Jean Antonucci, a primary care physician in rural Maine who retired from full-time work at 66, said she, too, would have continued working if it weren’t for the hassle of dealing with hospital administrators and companies. insurance.
Once, Antonucci said, he had to call an insurance company — landline and cell at the same time, with a phone in each ear — to get pre-authorization to perform a CAT scan, while his patient in need of an appendectomy waited. in pain. The hospital wouldn’t do the scan without insurance approval.
“It was just maddening,” said Antonucci, who now practices medicine only one day a week. “I could have continued working. I just got tired.”
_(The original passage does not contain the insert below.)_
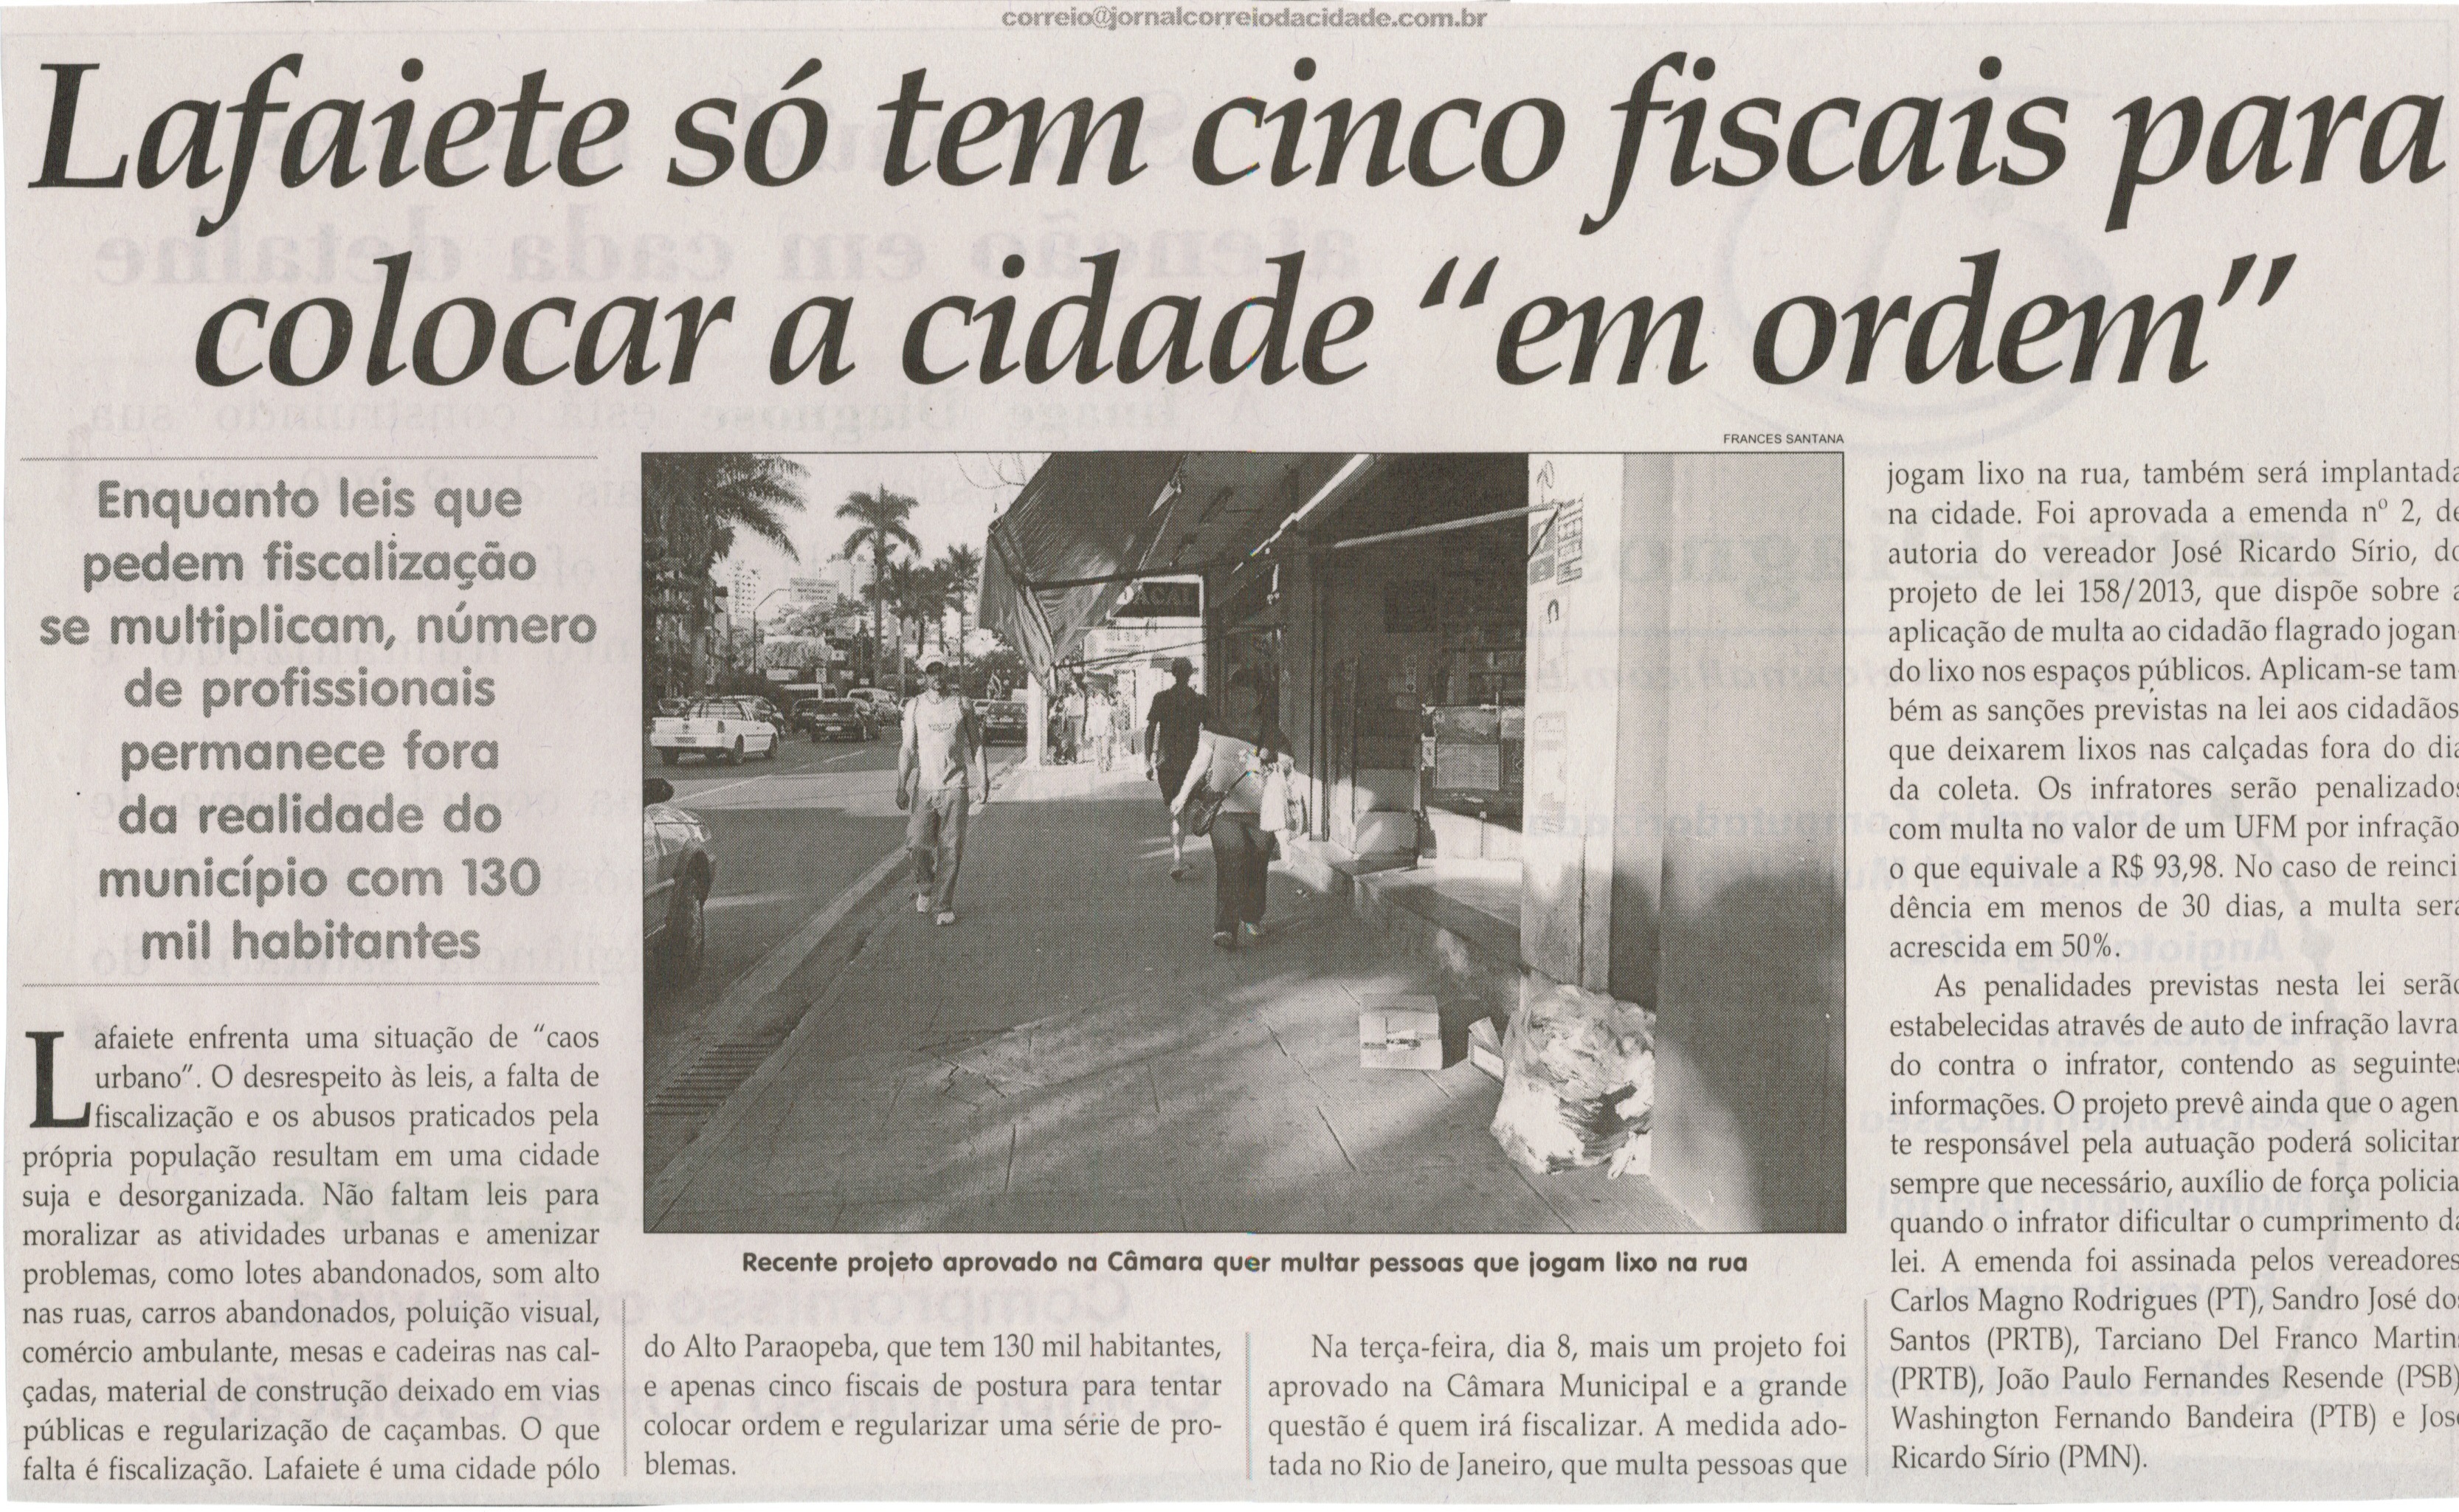 Lafaiete só tem cinco fiscais para colocar a cidade "em ordem". Jornal Correio da Cidade, Conselheiro Lafaiete, 18 mar. 2014, p. 4.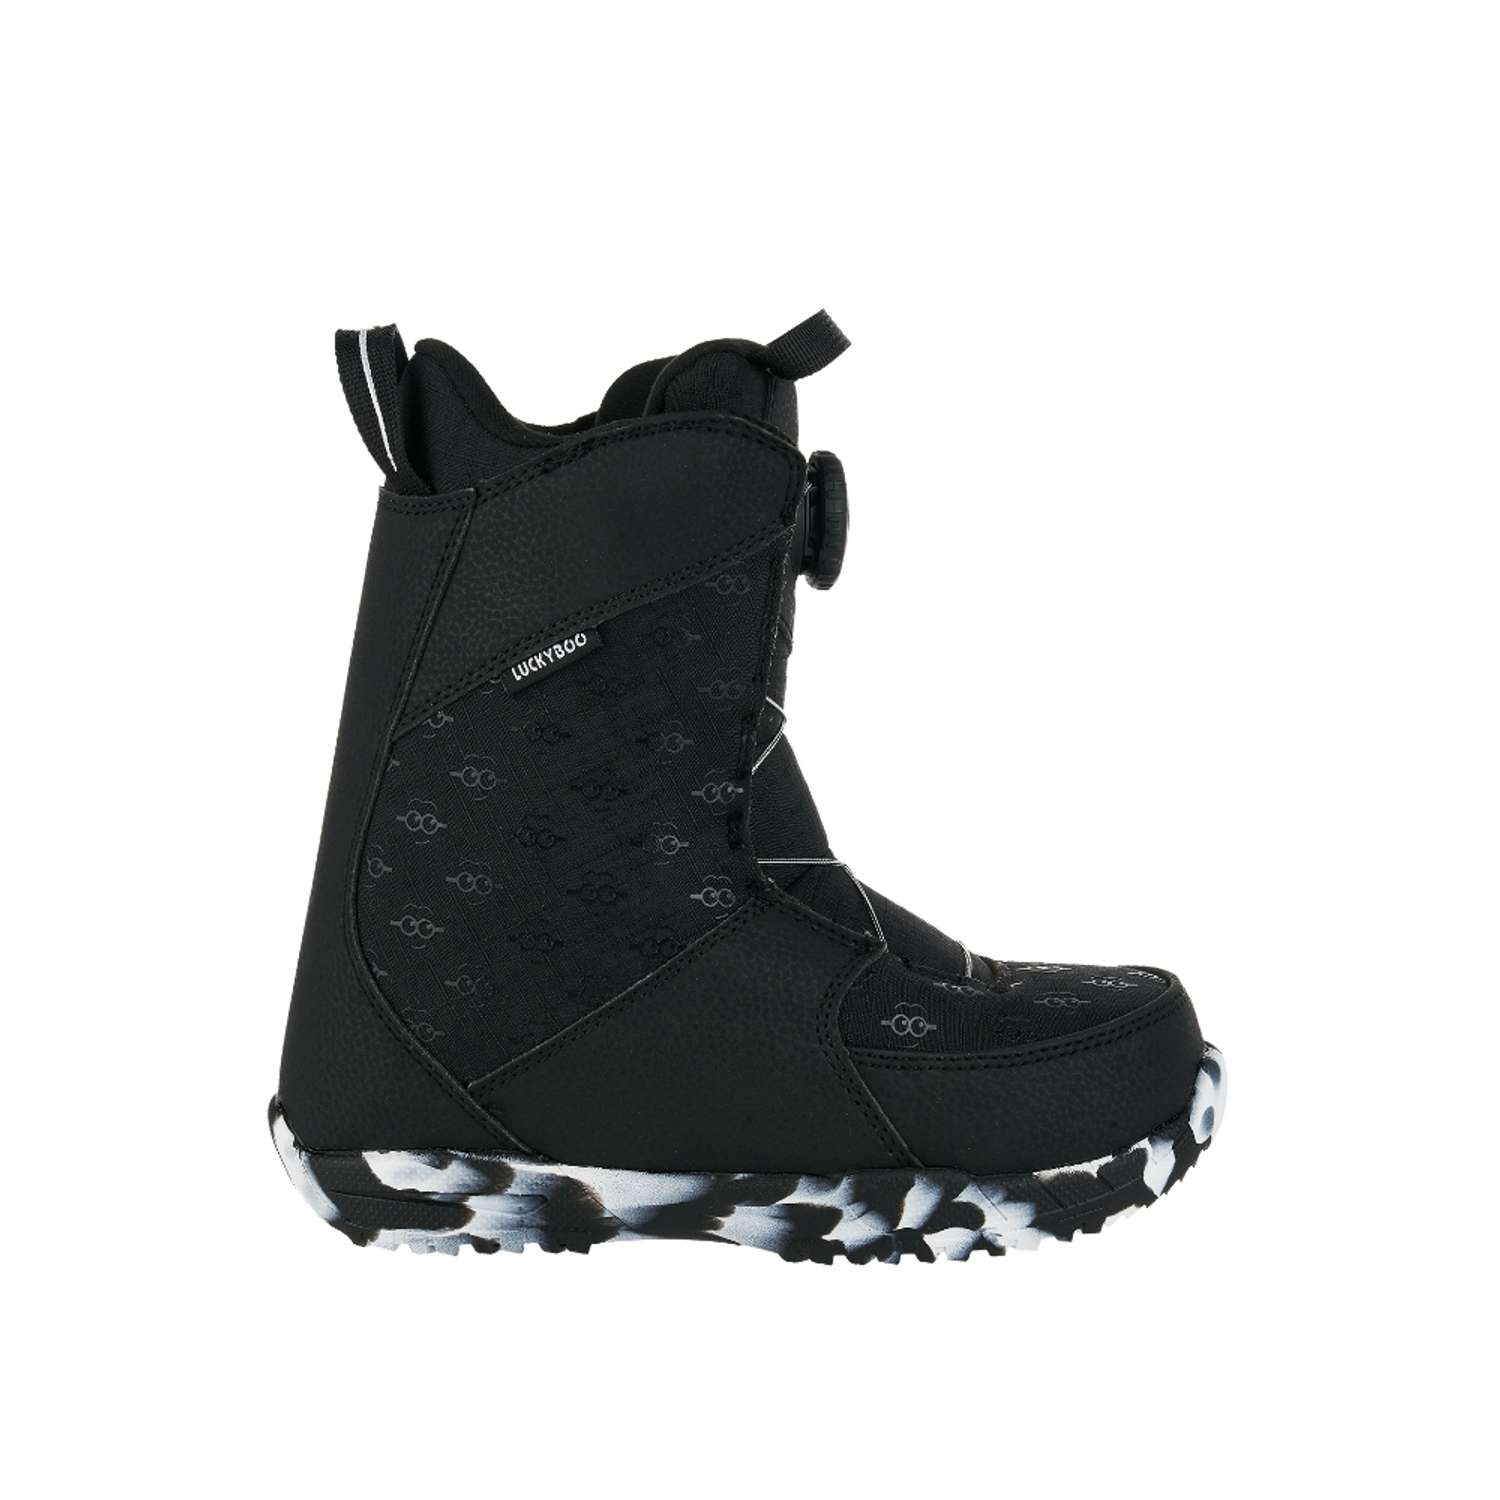 Ботинки для сноуборда Fastec Luckyboo 21cm - фото 2

Collective supplier burnout is a crisis being kept under wraps by design, said Whitney Marvin, a pediatrician who works in the pediatric intensive care unit at the Medical University of South Carolina. You said hospital culture implicitly teaches doctors to repress their emotions and “keep moving.”
“I shouldn’t be weak, and I shouldn’t cry, and I shouldn’t have all these emotions, because then maybe I’m not good enough at my job,” Marvin said, describing how doctors have historically thought about their mental health.
This mindset prevents many doctors from seeking the help they need, which can lead to burnout and much worse. According to the American Foundation for Suicide Prevention, approximately 300 doctors die by suicide each year. The problem is particularly pronounced among female physicians, who die by suicide at a significantly higher rate than women in other professions.
A March report from Medscape found that, of more than 9,000 doctors surveyed, 9 percent of male doctors and 11 percent of female doctors said they had suicidal thoughts. But the problem is not new, the report notes. High suicide rates among physicians have been documented for 150 years.
“Ironically, it’s happening to a group of people who should have the easiest access to mental health care,” said Gary Price, a Connecticut surgeon and president of the Physicians Foundation.
But the reluctance to seek help isn’t unfounded, said Corey Feist, president of the Dr. Lorna Breen Heroes’ Foundation.
“There’s something known in residency as the ‘silent curriculum,'” Feist said describing an oft-unspoken understanding among physicians that seeking mental health care could jeopardize their livelihoods.
Feist’s sister-in-law, emergency room doctor Lorna Breen, died by suicide during the first few months of the pandemic. Breen sought inpatient mental health treatment once, Feist said, but she feared her medical license could be revoked for doing so.
The foundation works to change laws across the country to ban medical boards and hospitals from asking doctors invasive mental health questions on job or license applications.
“These people have to be taken care of by us, because nobody really takes care of them,” Feist said.
In Charleston, psychologists are made available to doctors in group meetings like the one Miller attended, as part of the resilience program.
But solving burnout also requires a culture shift, especially among older clinicians.
“They’ve had worse and we know it. But it’s still not good,” Miller said. “Until that changes, we’re going to continue to burn doctors within the first three years of their careers.”
This article was reprinted from khn.org with permission from the Henry J. Kaiser Family Foundation. Kaiser Health News, an editorially independent news service, is a program of the Kaiser Family Foundation, a nonpartisan health policy research organization not affiliated with Kaiser Permanente.